The Exceptions section provides those scenarios in which the use described in the normal cases cannot be achieved. These cases will be covered for the full system test; however, they will not be covered in regression test suites unless life-critical or safety-critical issues are involved.

The number of test cases that are created will depend on the contents of the frequency attribute of each use case. One technique for estimating the appropriate number is to take the number of distinct inputs and the number of equivalence classes for each input type and multiply them to get the maximum number of permutations:

 E1 * E2 * E3 *... * En 

in which Ei is the number of equivalence classes for the ith input. This gives the maximum number of test cases that could be created using this approach.

The number that will actually be created can then be limited either by the importance of the use case or by the amount of resources available. A small pilot effort or historical data can be used to determine the amount of resources required for a typical use case. Given the total number of use cases, an estimate can be made of the total effort that would be required for the full project.

The Expected Results Section of a Test Case

One of the most difficult things about testing complex systems is being able to determine the expected results from a test run. Telecommunication systems, scientific systems such as spacecraft control software, and information systems for multinational corporations are examples of systems for which test data and test results are expensive to construct. For each of the test cases derived from scenarios in the previous section, there must be a description of the results expected from the system during the test.

On a recent project we began to construct scenarios and derive test cases from them.

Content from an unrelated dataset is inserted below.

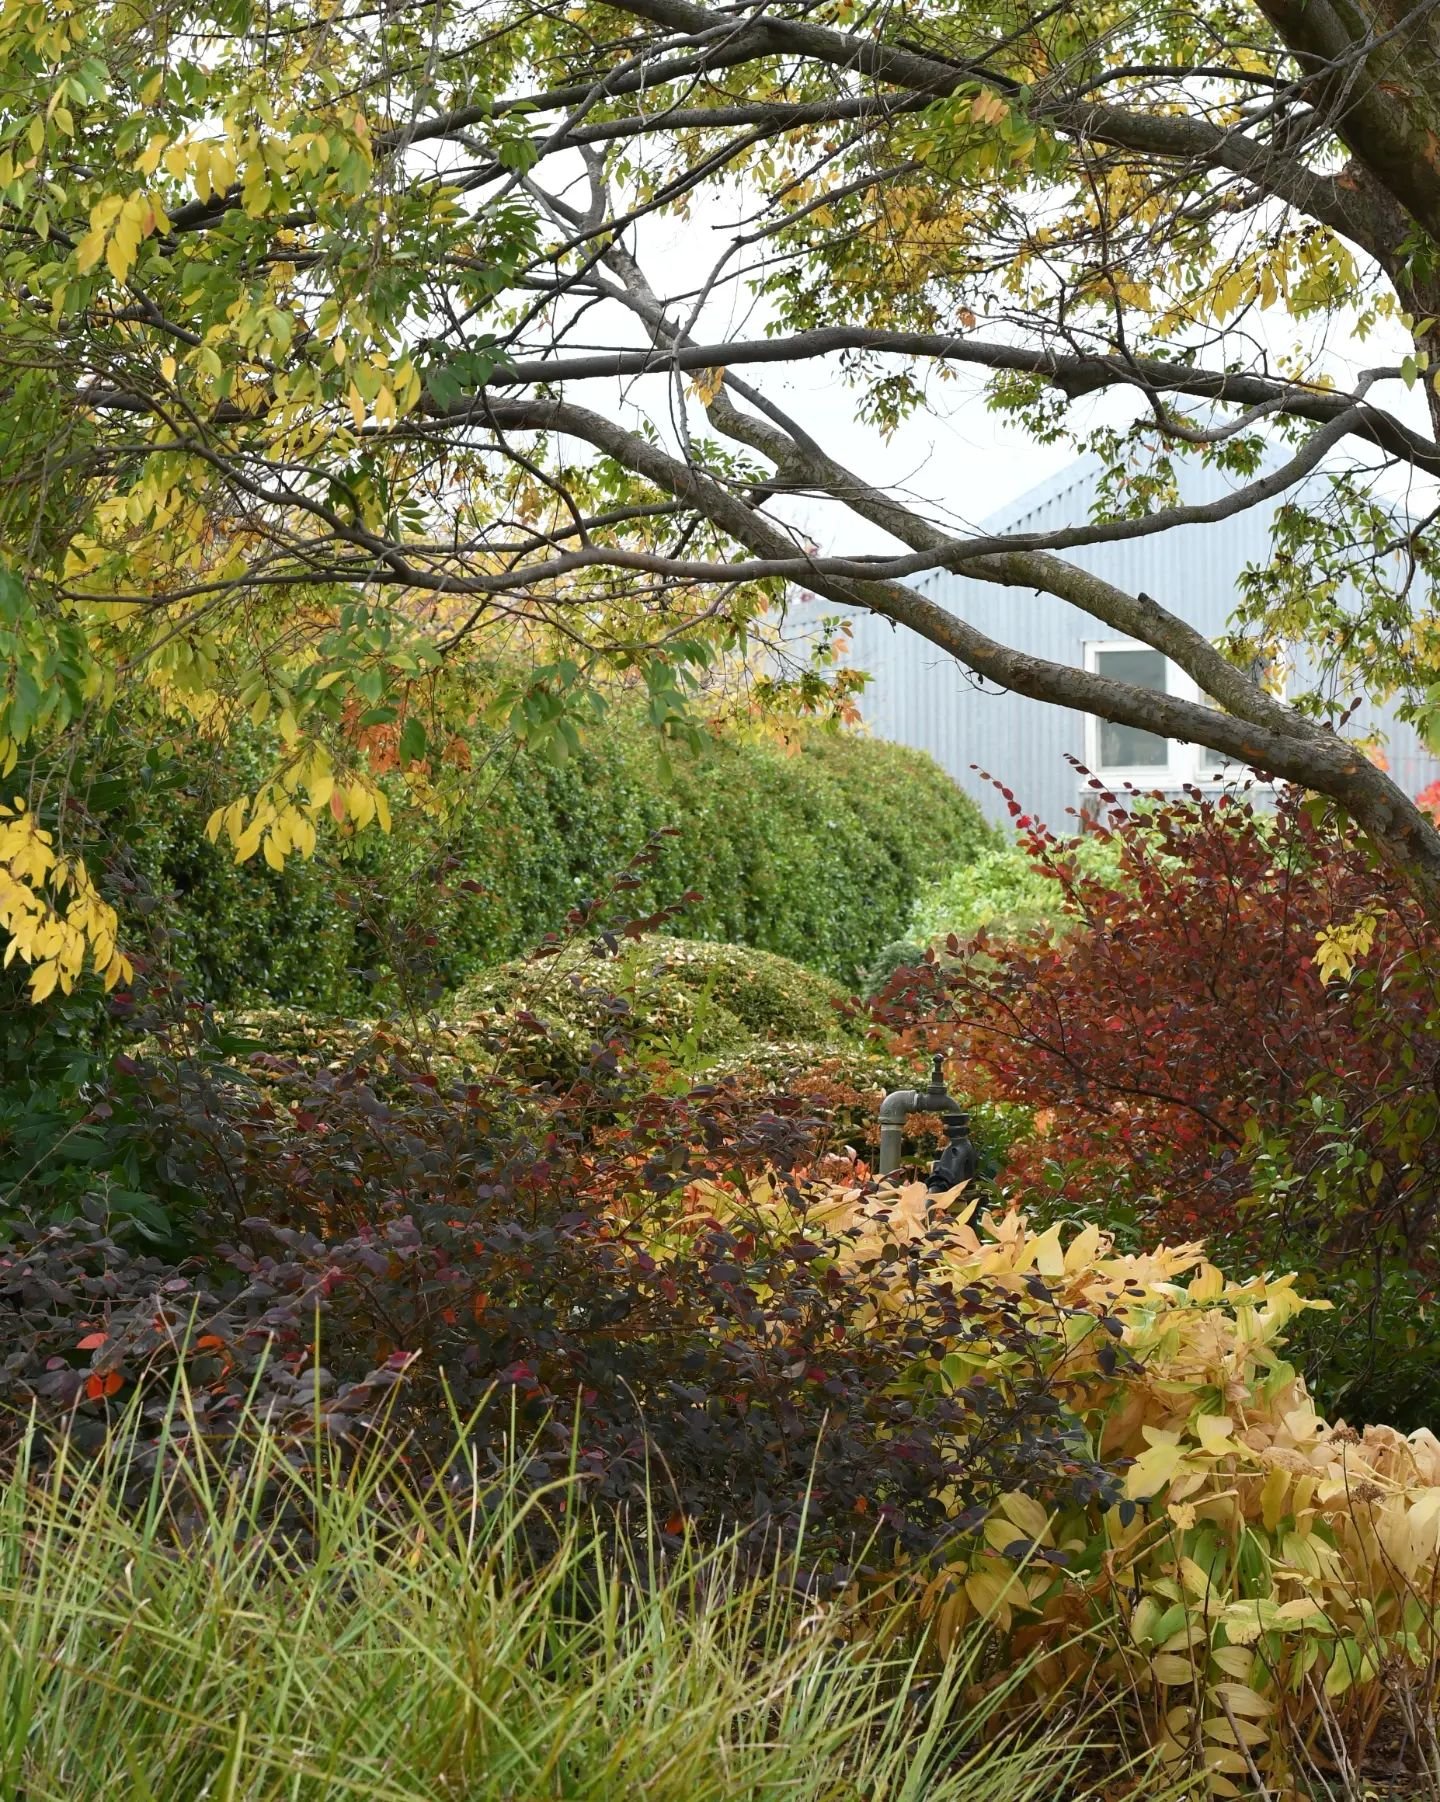 On the slope that rises from the front terrace, where the stone steps meet the viburnum hedge leading to the studio cottage, there is much autumnal colour. The Solomon's seal under the Chinese elm has turned butter yellow, the loropetalum remain inky

It was only when we were ready to evaluate the test results that it became obvious that the development staff and their management had no idea what the exact system behavior should be for each of the scenarios!

A couple of techniques are useful to reduce the amount of effort required to develop expected results. The first is to construct the results incrementally just as the test cases are constructed incrementally. In this approach the test cases are written to cover some subset of a use of the system, perhaps only the data entry portion. Then, in succeeding cases the scope is broadened to cover the complete use. As the cases are broadened, the test results are extended.

This can be expanded to include iterative development of test cases. In this mode we begin by writing small test cases and gradually increase in size and complexity until the tests are realistic in terms of the production environment. In a database system, we might begin with a database containing fifty records and gradually increase until we have several thousand. The results expected at each new level must include any interactions that will occur because of the new cases. For example, in a database the presence of one record may inhibit the selection of another record that was selected in the previous test.

The second technique is to develop grand tour test cases in which the result of one test case produces the data that is input to the next test case. In this approach each test moves the test data through an entire life cycle. The resulting state of the database is then used as the input for the next test. This technique is particularly useful for life-cycle testing after low-level testing has found most of the failure-causing defects. By sequencing the test cases properly, the state after a successful execution of test case 1 establishes the database expected as the input to test case 2. The obvious problem with this approach is that a failure of test case 1 leaves the database in an unexpected state and we either cannot run test case 2 or at least must fix the database before we do.

Brickles

In Chapter 4 we began the system-level testing of Brickles by conducting a guided inspection. In preparation for that we prioritized the use cases using the frequency and criticality measures from the use cases. Figure 4.23 shows the results of that analysis. By the time the first increment is ready for code-based testing, we should reexamine this analysis to determine whether there are reasons to change the ratings for individual use cases. We will continue to use the ratings that were computed in Chapter 4.

With such a simple set of inputs there are few input parameters to analyze. Figure 9.8 shows the results of the analysis and adds additional factors such as the operating system version.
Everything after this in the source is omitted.